The worldwide fiscal expansions led to unusually large increases in Debt/GDP ratios. However, both the initial levels and the increases in 2020 were not distributed uniformly across country groups. In 2019, at the eve of the crisis, the average debt/GDP ratio was over 100% in advanced economies, about 50% in emerging market and middle-income economies and less than 25% in low-income developing countries. By mid-2020 the IMF estimated that this ratio will increase by about 15% in the first two groups and by less than half of that in low-income developing countries during 2020.
The initial differences in levels largely reflect the differences in access to capital markets with advanced economies having the easiest access, the low-income having the poorer, with emerging markets in between. Since they have poor credit ratings, interest on the debt of low-income countries is relatively high and their debt is more difficult to place. Although their need for fiscal expansions is no smaller than that of other countries, low-income countries are limited by their fiscal capacities resulting in smaller increases in debt/GDP ratios during 2020.
Figure 1 displays a map of the worldwide distribution of debt/GDP ratios as of October 2020. The map shows that in major advanced economies such as the USA, Canada, the UK, Japan, France, Italy and Spain the debt/GDP ratio exceeds 100%, and in India, South Africa and Egypt it is between 75 and 100%. This ratio is between 50 and 75% in China, Australia and several European countries, between 25 and 50% in Chile, Norway, Saudi Arabia and in some African and Asian countries. Russia’s Debt/GDP ratio is less than 25%.
In parallel to fiscal measures the CBs of many economies have stepped up open market purchases raising their assets to previously unseen levels. This process was particularly dramatic in advanced economies whose CBs accelerated the use of this instrument and extended the scope of assets purchased.

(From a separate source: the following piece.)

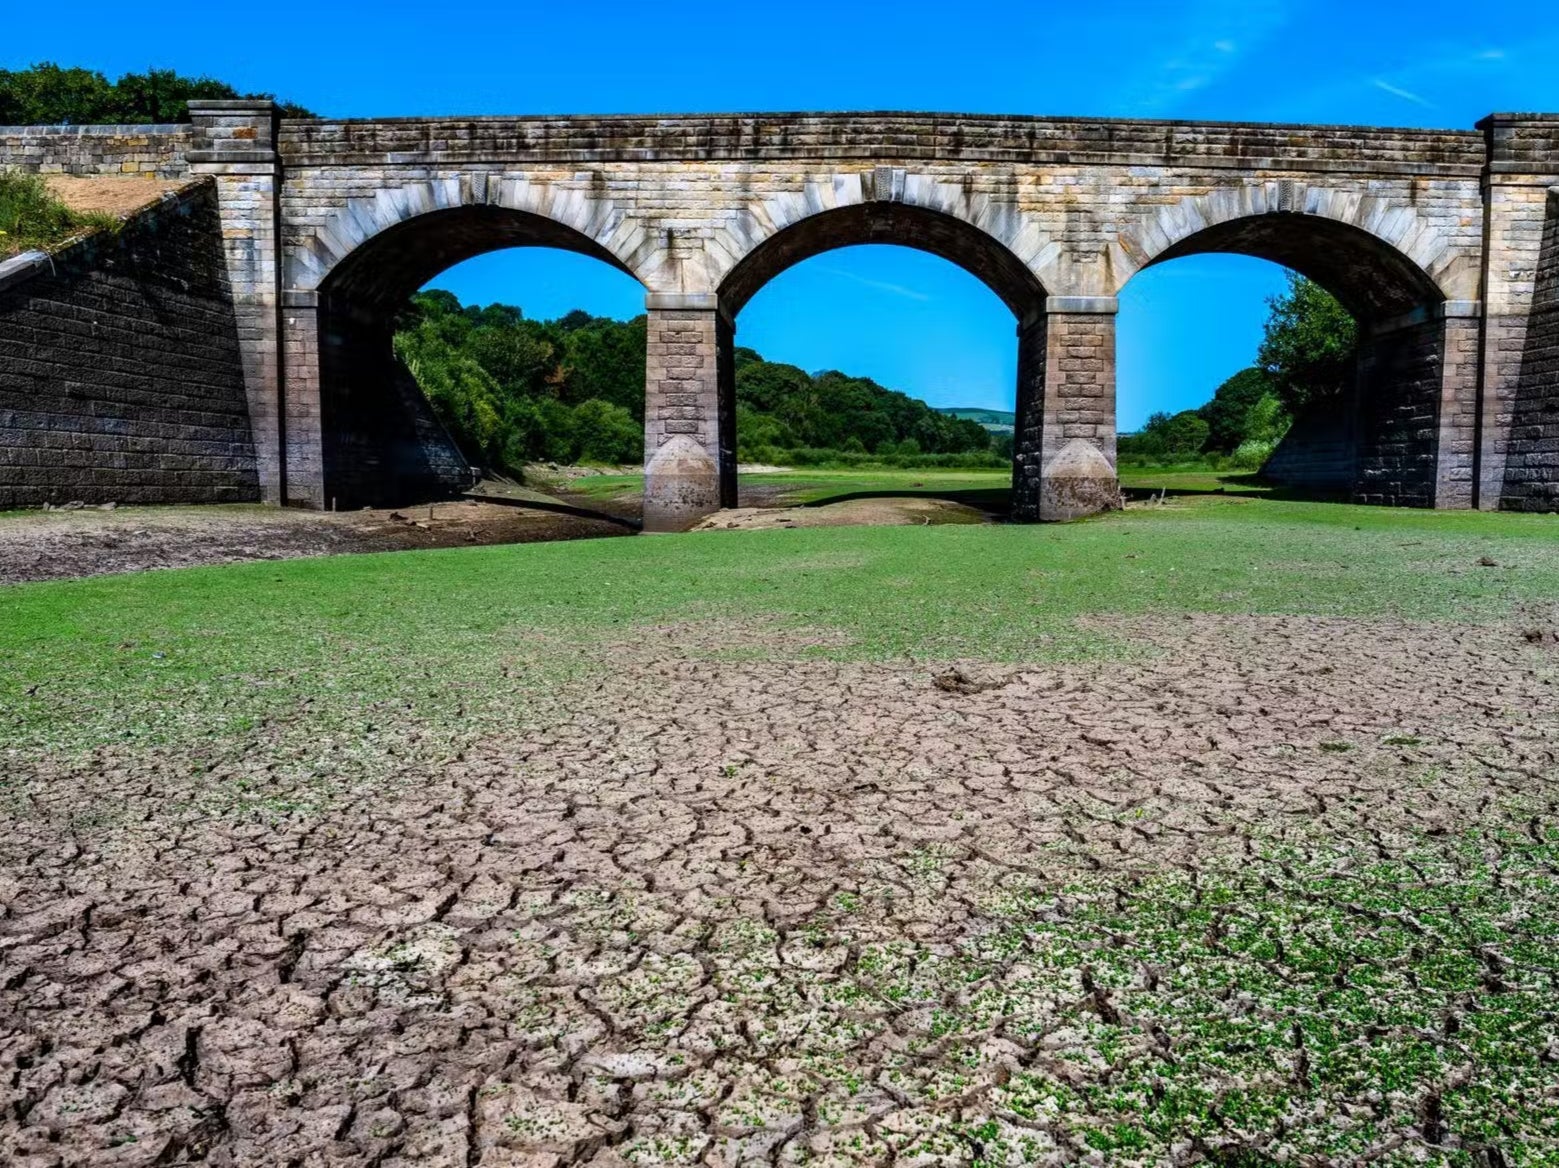 Lindley Wood Reservoir is on the verge of drying up completely
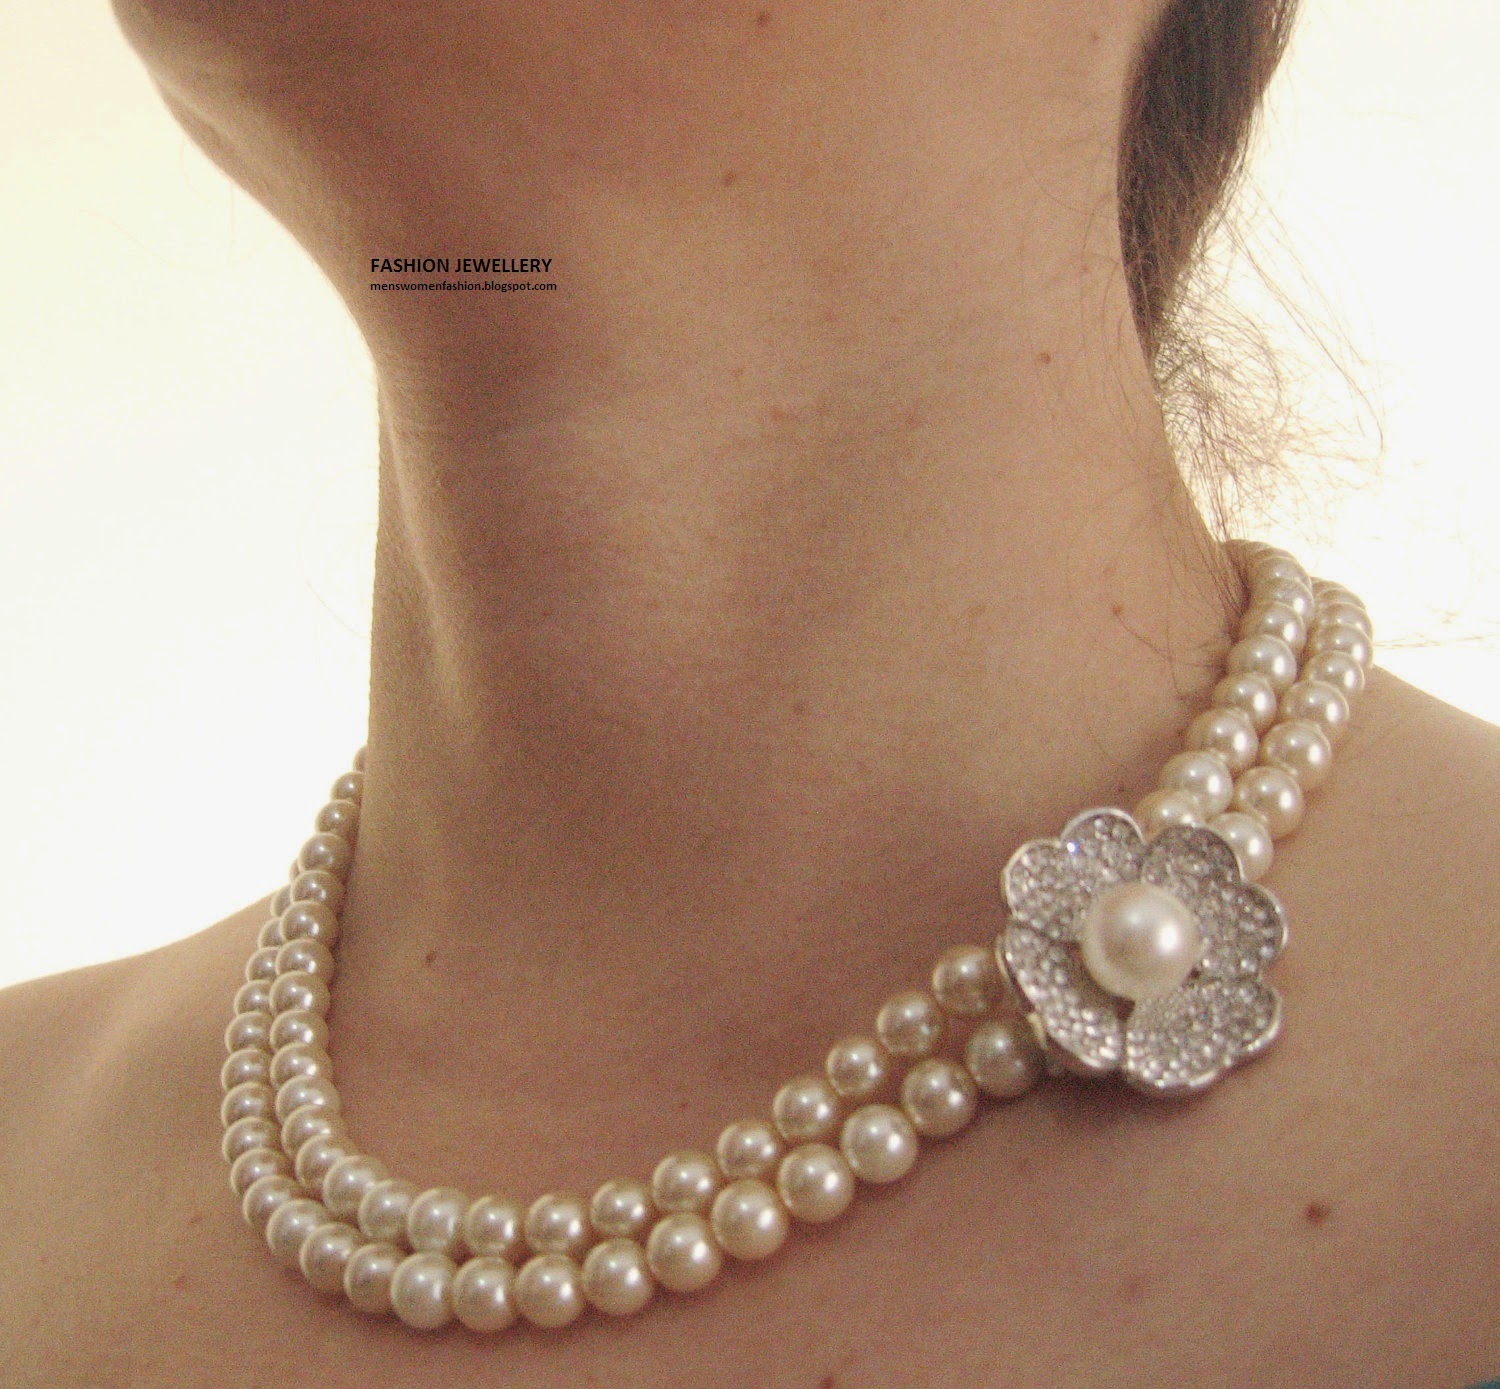 Pearlsâ€™ at Londonâ€™s VA: A History of Luxury and Design

Figure 2 illustrates the gigantic increases in the assets of the Fed, the ECB and the Bank of Japan, during 2020. The Fed injected huge amounts of liquidity by extending its open operations beyond government debt to include various corporate bonds including bonds with rankings below investment grades as well as stocks. Those operations raised total assets of the Fed from around 4 trillion $ at the beginning of 2020 to 7.4 trillion $ at the beginning of 2021. Similar policies by the ECB raised its assets from over 5 trillion $ to 8.6 trillion over the same period. In parallel the assets of the Bank of Japan increased from over 5.0 trillion to 6.8 trillion. Although not as dramatic the assets of the Peoples Bank of China increased by roughly a trillion $.
Since the introduction of large scale asset purchases during the GFC CBs assets have generally been trending upward. But even against this background the acceleration in the trend during 2020 is a notable outlier.